At times his prayer to God seemed to be, if I could construe right the motions of his troubled mind, to inflict upon him the utmost weight of suffering now, but only to save him from a dreadful hell. 66 'Come," exclaimed he many times, over and over again, "come as hard as you can-I have deserved it all-But save, O save me from hell!" Then, as though he thought in this way to prevail with God, "Thou wast so kind to me, thou wast so kind to me--O, praised be thy name -I will praise thy name-O, forgive, I beseech thee, forgive me, Lord God!"

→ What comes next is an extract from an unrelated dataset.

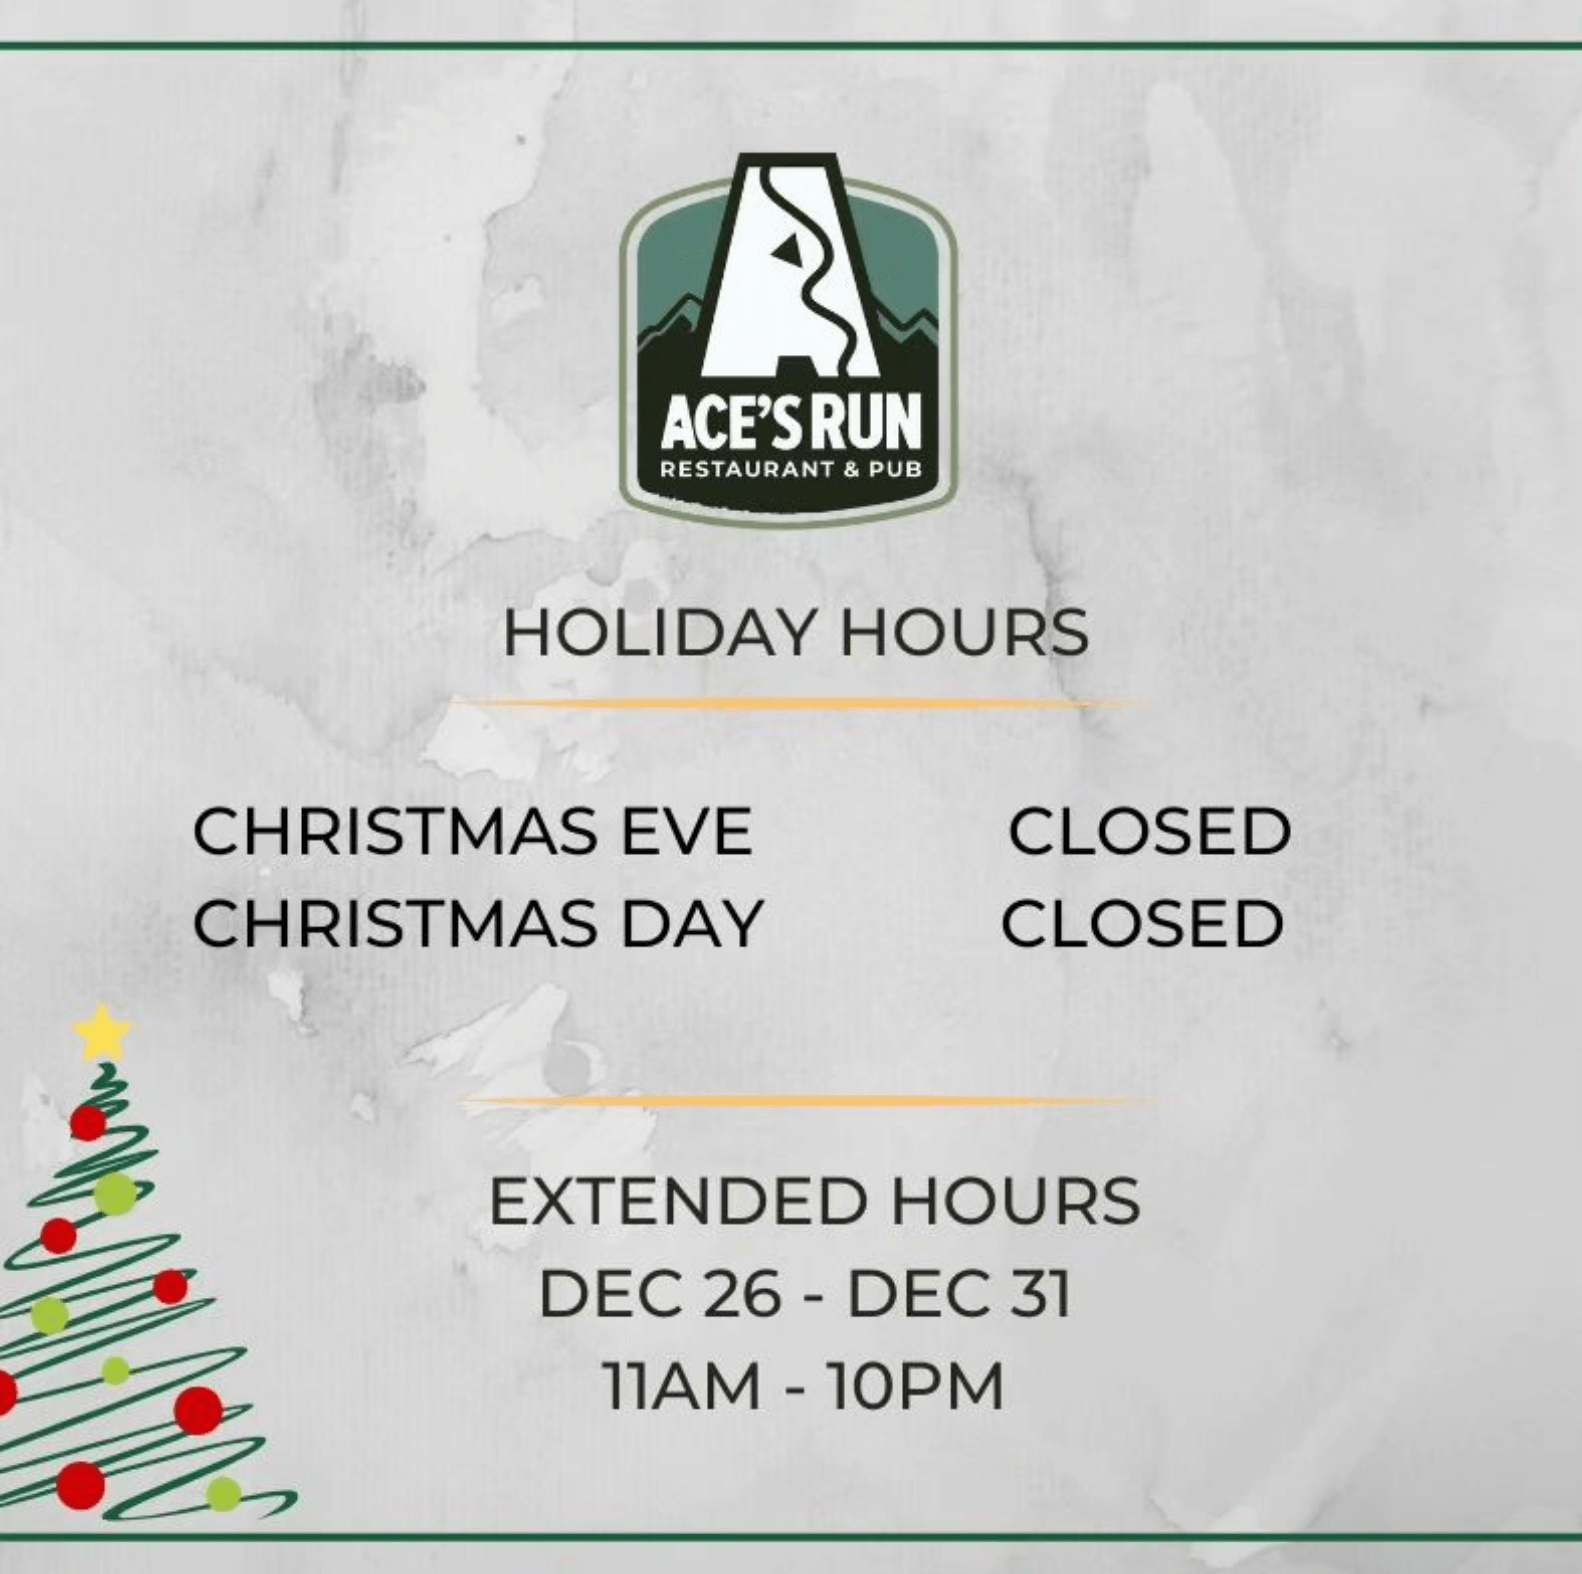 Ace's Run Restaurant & Pub - Holiday Hours at Deep Creek Lake, MD
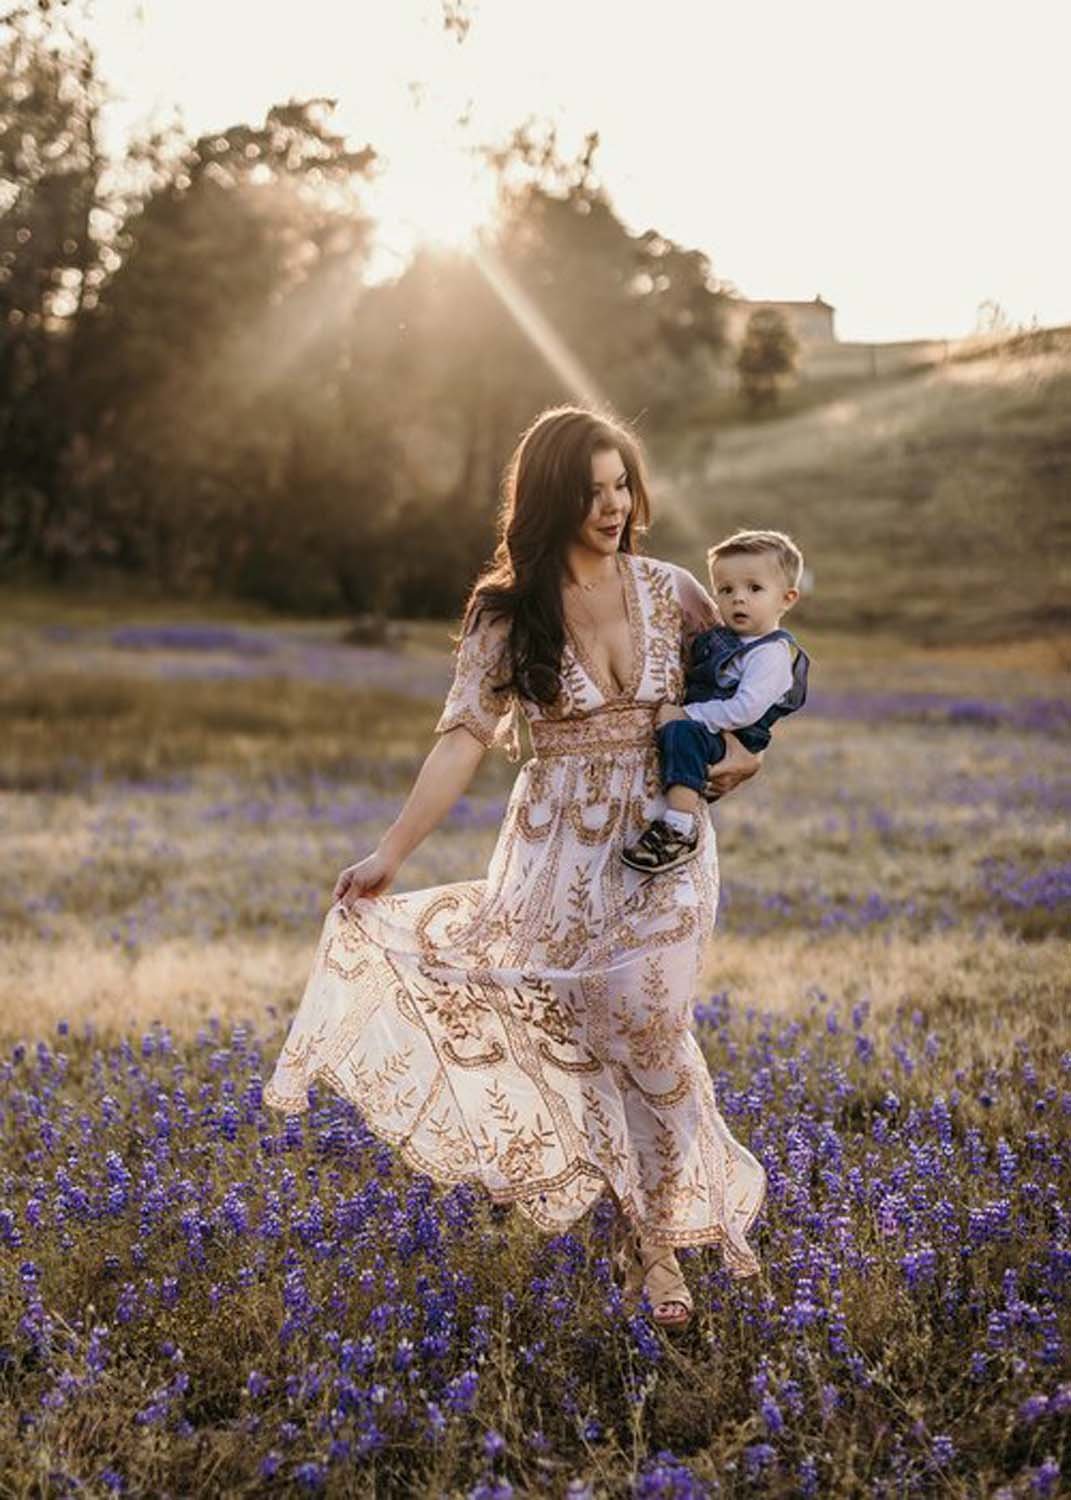 Mother carrying young boy in field of flowers Sacramento family photo studio.jpg

Thus he continued, almost without cessation, for two or three hours, till nature was spent in agony of spirit that may bear a faint resemblance to the woes of the second death. As I listened to his cries, it was awful to think what must be the inward present suffering that produced them, and what will be the desolating woe of every impenitent condemned soul in hell, forever. Who can estimate the mercy of being delivered in hope, from such unutterable misery, by the precious blood and unbought love of Jesus Christ? Never did that mercy appear so rich and precious; and never did the ingratitude and guilt seem greater, of being stupid and insensible, and of do ing nothing for men's salvation, while our belief is that undying spirits, with these vast capacities for happiness or woe, are swinging loose every moment from their moorings in this world of hope, and putting out into the GREAT DEEP OF ETERNITY, there to be torn and tossed forever on the billows of wretchedness, the despairing, inconceivable wretchedness of "the lost!" Of what infinite consequence that every owner of immortal capacities like the soul's, should first have a personal insurance effected for eternity in the BANK OF SALVATION, by the initiative of true faith in Jesus Christ! and that he be laboring, with all the might of a ransomed heir of glory, to save others also! Would that every man who had ministered to the unhappy subject of this narrative the maddening drink-would that every distiller who manufactures the baleful poison - every merchant that exchanges and makes merchandise of the burning liquor-every bar-keeper, and vender, and grocer, that deals out to the thoughtless and wretched applicants this "distilled damnation"--would that they all could have stood around the berth-side of that miserable man, whom THEY helped to make so! Would that they could all have seen, as I did, the manifold agonies of that deathless soul, and have listened to those loud cries of horror breaking in upon the silence of midnight, and rending the pitying hearts of those who could afford him no drop of relief! Could they go away from such a spectacle and resume

again their dreadful trade?-O, no! no. Methinks they would return to their distilleries, and cellars, and storehouses, and let forth upon the absorbing earth those pernicious sluices of desolation and death;-no more to pour over society their worse than lava-streams, and to blight the prospects, and scorch and wither up the joys, yea, the very moral being of countless human hearts! How, then, knowing, as they do, the multiplied modes of misery which THEY are causing; seeing before them the reeling, haggard, trembling, bloated witnesses to the blasting effects of strong drink; knowing the pauperism, vice and crime, of which their trade is the one prolific source; beholding the athletic, manly forms it is breaking down and laying in infamous drunkards' graves; the unconsoled mothers, widows, and orphans it is making the human hearts it is rending with disappointment and anguish—the intellects it is wasting the lives it is consuming—the precious souls it is ruining forever,-O, how can they, how dare they, why will THEY continue their accursed trade?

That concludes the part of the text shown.